Elle est restée impassible.

Enlève ton T-shirt, elle m'a dit.

Ca avait bien l'air d'un ordre alors j'ai obtempéré sans broncher. Elle a machinalement écouté mon cœur et aussi mes poumons, mais c'était pas dur de voir qu'elle était préoccupée et que ça menait pas loin. Elle a rien dit pendant un bon moment si bien que j'ai fini par la regarder et j'ai remarqué que ses yeux à elle me fixaient le nombril. Rigolez pas, s'il vous plait.

Hé ! j'ai dit. Qu'est-ce qui y a avec mon ventre ?

Quoi ? Rien. Rien, pourquoi, tu crois que tout tourne autour de ton nombril ? Laisse-moi te dire…

Elle a voulu continuer à me taquiner mais elle a vu que je suivais pas. Un poids sérieux m'imposait la réalité.

C'est quoi ce signe, Oba-chan ?

J'ai montré les runes qui bruissaient. Elle a gardé sa fausse bouche ouverte –ben ouais, au cas où vous sauriez pas, c'est qu'une illusion-, a fait un maigre sourire du genre je l'avais piégé. Soupiré.

Ah, ça, Naruto, c'est l'histoire de ta vie, elle a dit d'un ton un peu sage un peu blagueur. Il y a une douzaine d'années, un démon à l'apparence de renard à neuf queues s'est mit à ravager le pays, causant toujours plus de morts que la fois d'avant, toujours davantage de désastres. Il fallait absolument l'empêcher de parvenir à notre village et l'Hokage de cette époque s'est chargé de créer un jutsu afin de sceller le démon. Au moment fatidique, de nombreux ninjas de la feuille ont fait diversion, laissant juste assez de temps à l'Hokage pour appliquer son plan. Le démon renard fut emprisonné -au prix de la mort de l'Hokage- dans le corps d'un nouveau-né. Ce nouveau-né, c'était toi.
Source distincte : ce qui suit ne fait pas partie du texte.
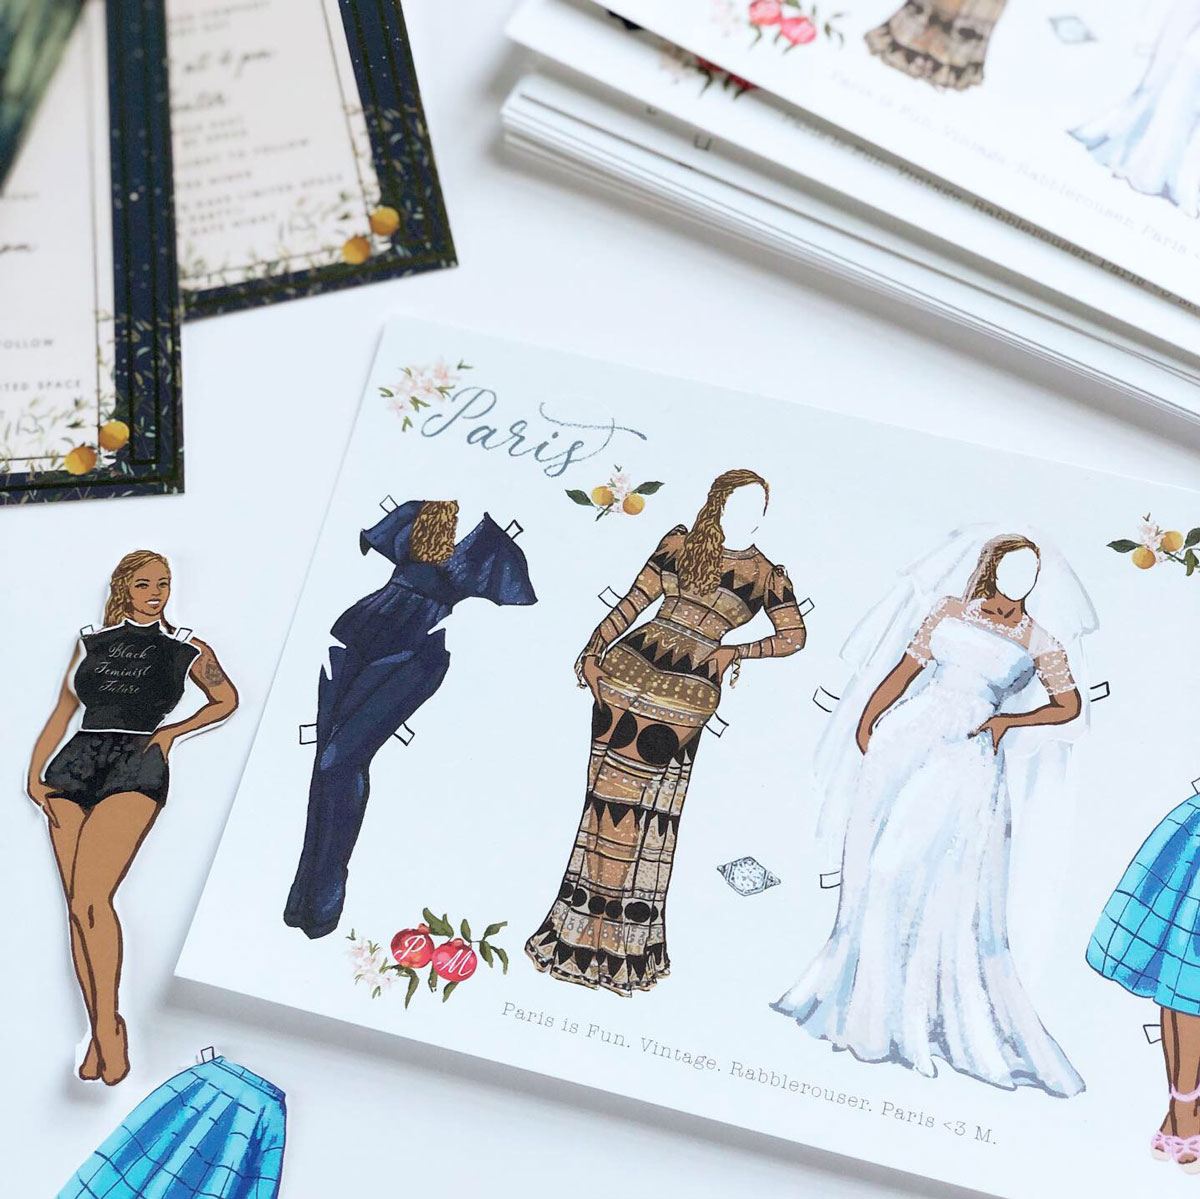 south-carolina-paper-dolls-pride-wedding-jolly-edition-3

Ca a été à mon tour de rien dire.

Le démon est désormais inoffensif, scellé à l'intérieur de toi, séparé de ton esprit par une barrière que rien ne saurait détruire ; Naruto. Ne voit pas cela comme une punition ou une malédiction.

C'est quoi le problème, alors ? j'ai commencé à m'énerver. Pourquoi l'autre m'a ramené ici ?
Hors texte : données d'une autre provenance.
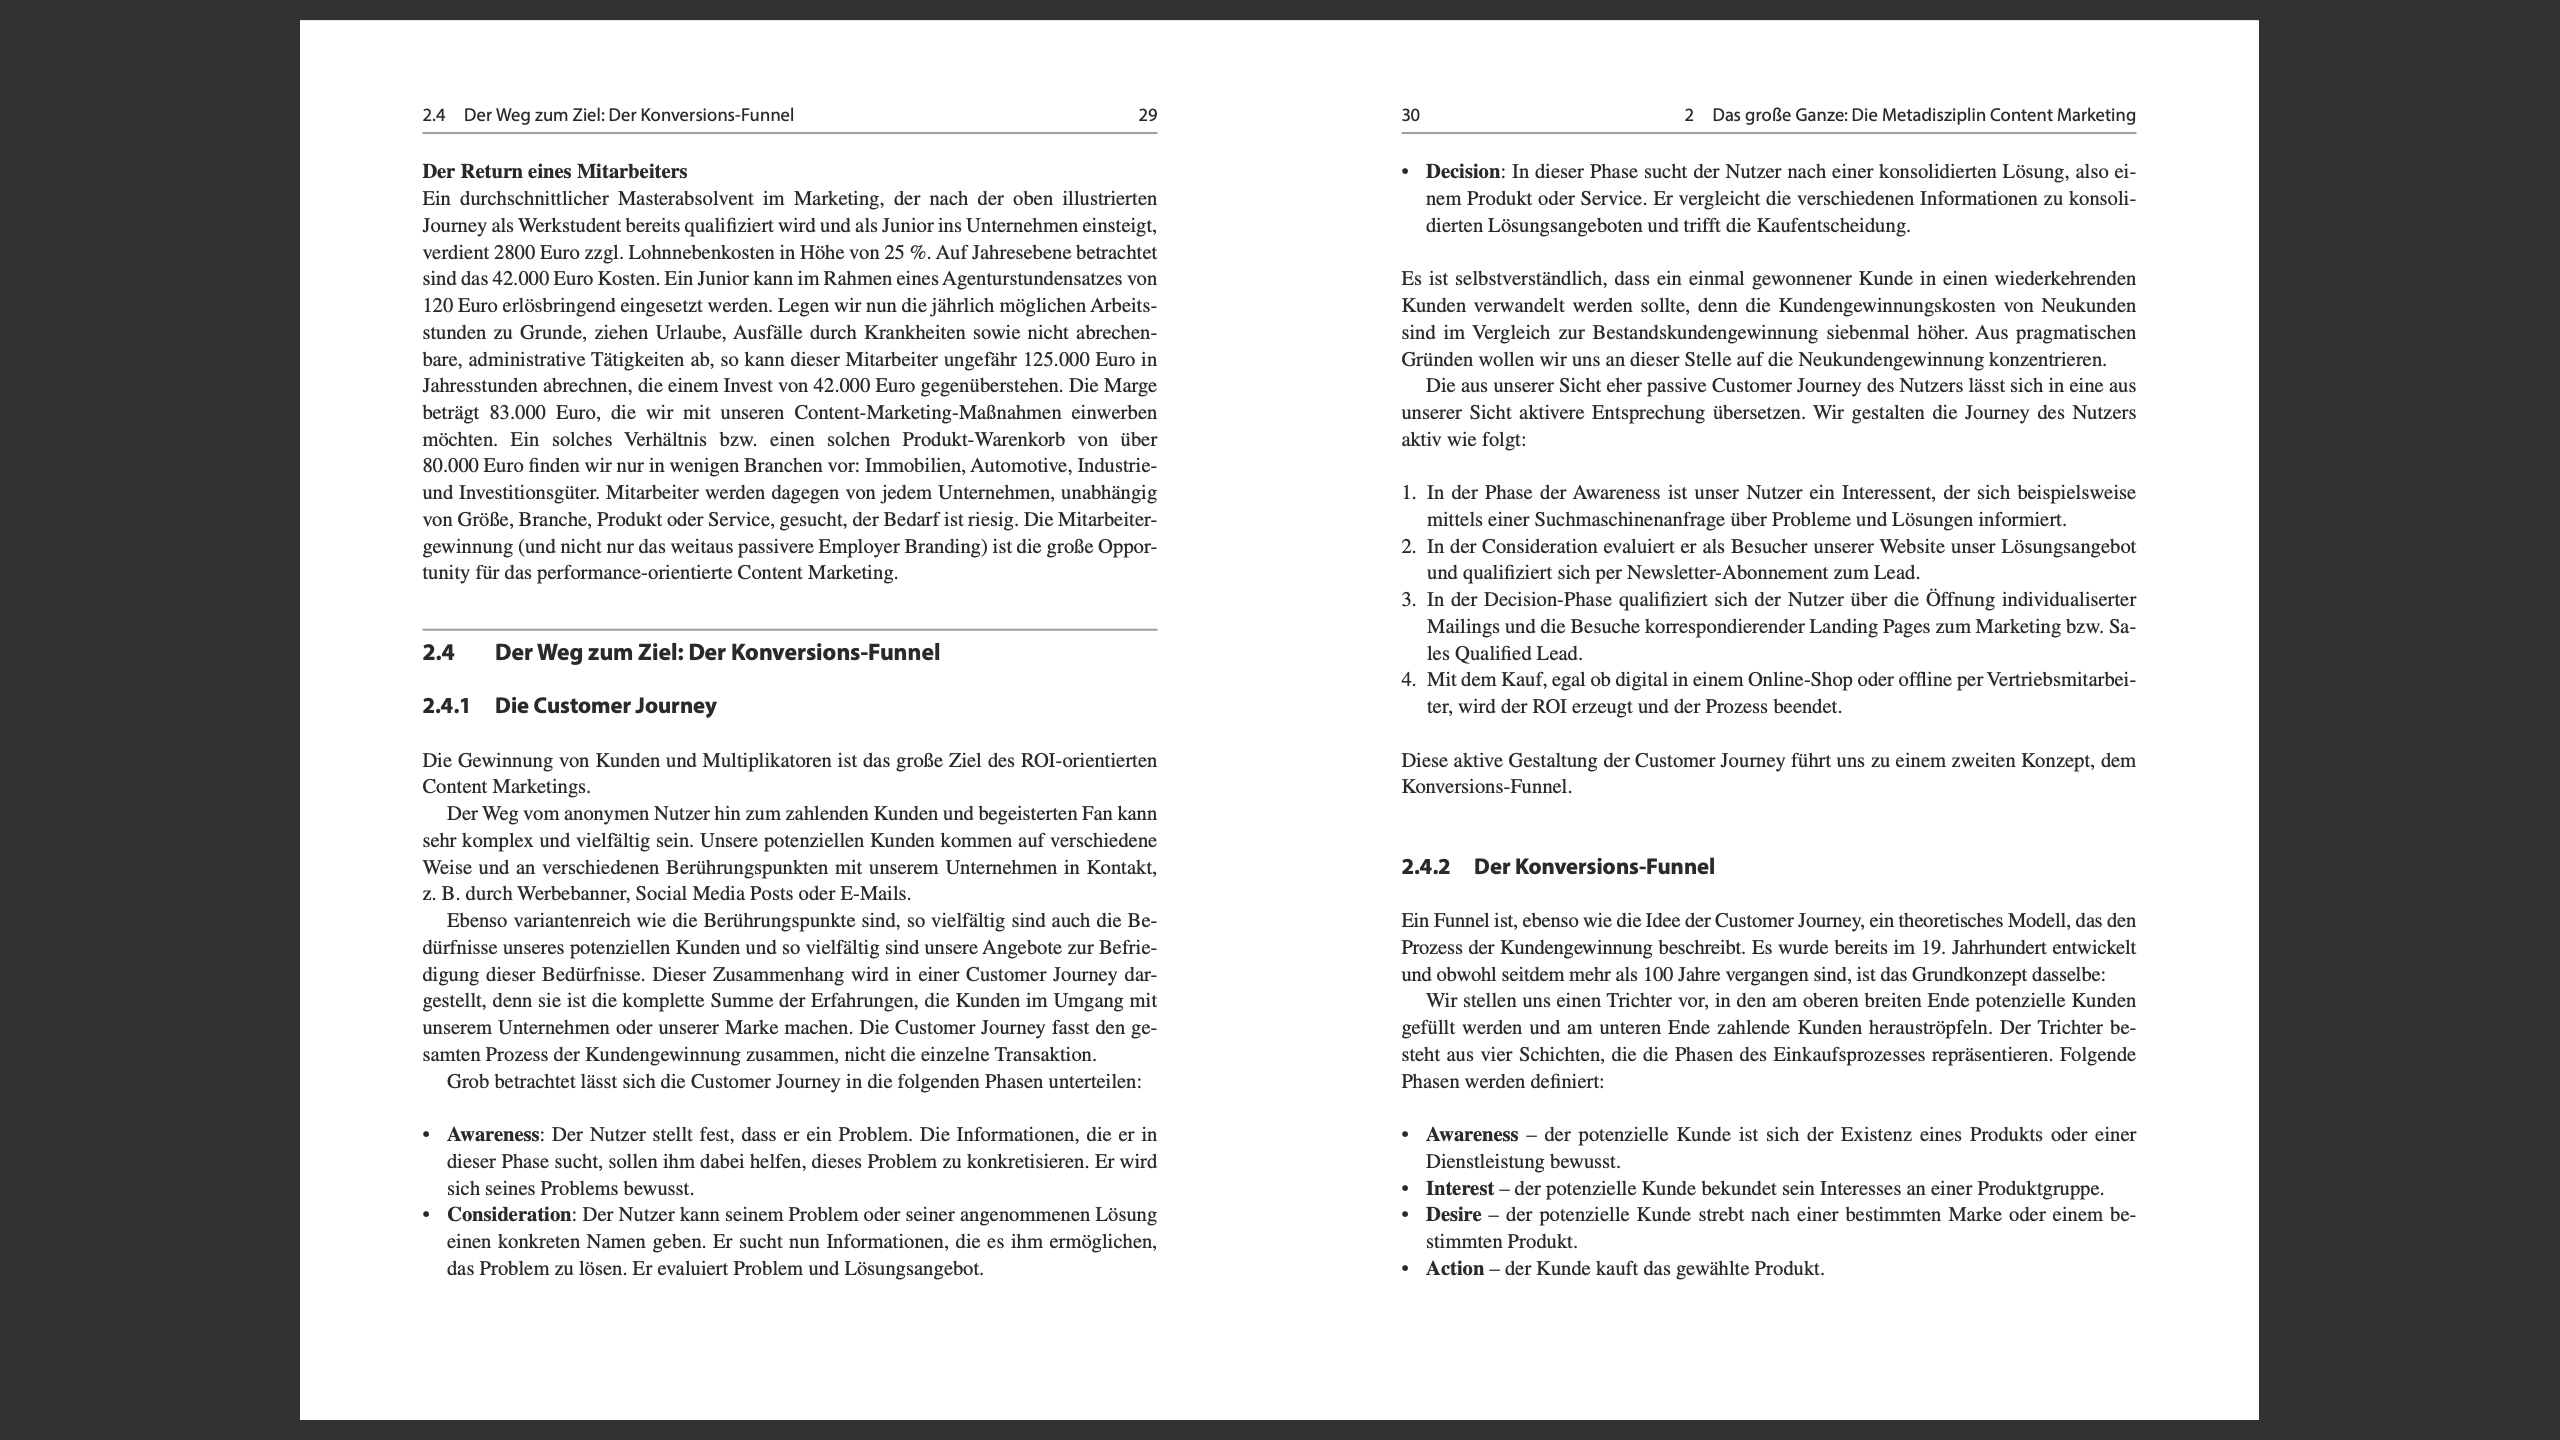 6-Methodisches-Content-Marketing-Gerrit-Grunert

Il n'y a aucun problème. Tu n'aurais simplement pas dû faire le mur. Nous nous sommes inquiété, tu peux l'imaginer ? S'en aller, comme ça, croyant ne rien devoir à personne. Des gens s'occupaient de toi, tu t'en rends compte ? Ton taux d'oxygène était trop bas pour risquer te lever. De même que tu avais encore quelques examens à faire. Tient, prends ça.

J'ai même pas senti qu'elle me fourrait un gobelet dans les mains. Je me souvenais, par à-coups me brusquant la mémoire, me rendant une partie de moi que je croyais disparue mais qui n'avait jamais cessé d'être là ; par vagues qui déposaient des reliquats de moments et de sensations sur les rives de mon esprit ; par éclairs qui faisaient la lumière sur des faits, et je remettais enfin la main sur les clefs de tiroirs qui m'avaient toujours semblés clos. Il y avait quelqu'un d'autre. Non, il y avait toujours eu quelqu'un d'autre. Au fond de moi, je le savais bien avant que Tsunade-sama ne le dise.
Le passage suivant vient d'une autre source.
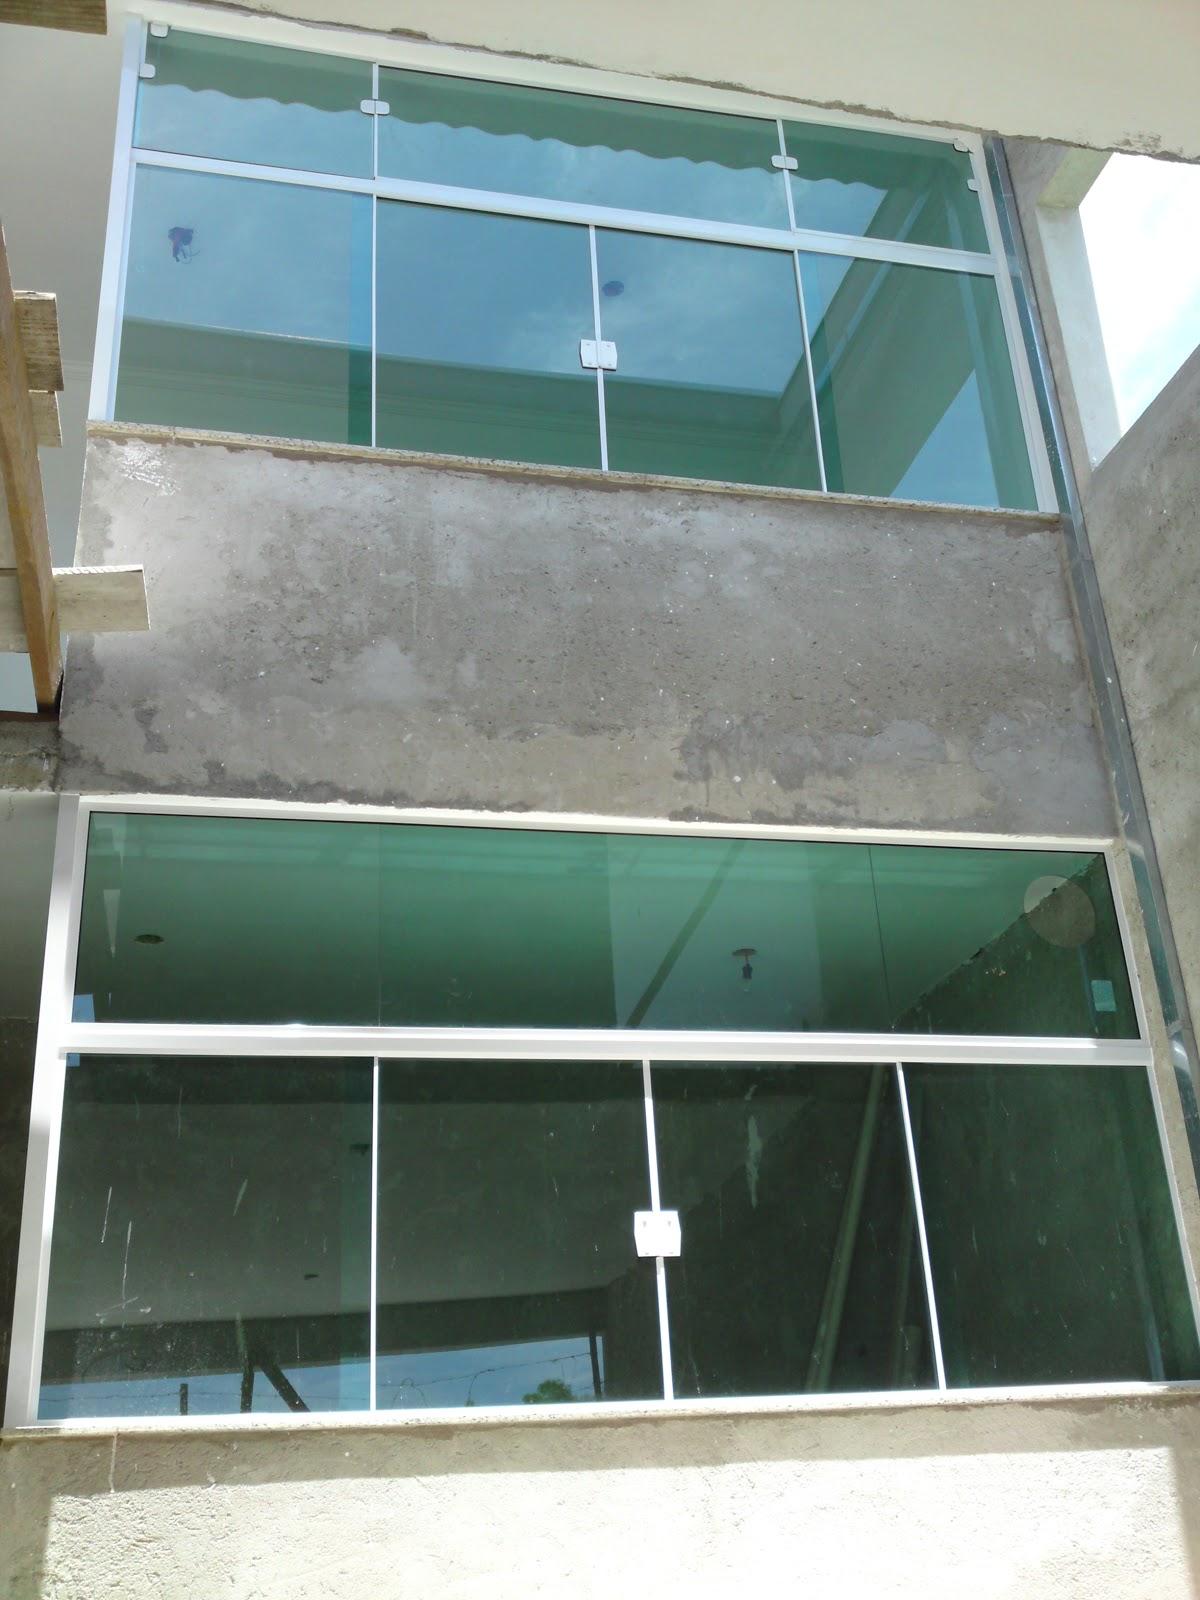 #437388 Vidraçaria Cinderela: Janelas em vidro temperado verde   kit branco 350 Janelas De Vidro Temperado Preço Rj

Elle continuait à parler de tout sauf de ce que je voulais savoir, c'est à dire pourquoi ça allait pas. J'ai accentué ma prise sur le gobelet. Ses reproches et ses inquiétudes me remplissaient les oreilles, me brouillaient le cerveau, et j'ai de nouveau senti la colère se propager en moi. C'était pire que la dernière fois. Ca s'emparait de moi et je pouvais rien faire contre. J'avais l'impression de regarder un film dont j'aurais été l'acteur principal. La rage écrasait tout ; arrachait les commandes ; merde, pourquoi j'étais jamais au courant de rien pourquoi on ne m'écoutait pas pourquoi il fallait être poli et calme et attendre rien faire d'autre toujours être patient une minute puis une heure et tous ces gens qui m'évitaient sans raison…

C'est ça…Laisse-moi faire…

Le liquide a coulé dans ma gorge.

Bien, tu te souviens sûrement, maintenant, elle a articulé. Je vais te laisser te reposer.

Le brouillard m'empêchait de voir mais aussi d'agir. J'ai essayé de lutter mais c'était aussi facile que danser dans de la mélasse. J'ai essayé de remonter tout au fond de moi… Jusqu'à sentir sa présence… Pénétrer dans son domaine… Son territoire… Son territoire qui était aussi le mien… Non ?

La réalité devenait toute gondolée, presque rêve, et il fut bientôt impossible de défaire l'une de l'autre.

L'au revoir de Oba-chan me parvint à travers un univers de promesses de cauchemars cachés derrière le somnifère. Je relâchais ma prise sur son bras et elle put se lever.

Ma tête toucha l'oreiller avant que je puisse l'entendre passer le pas de la porte.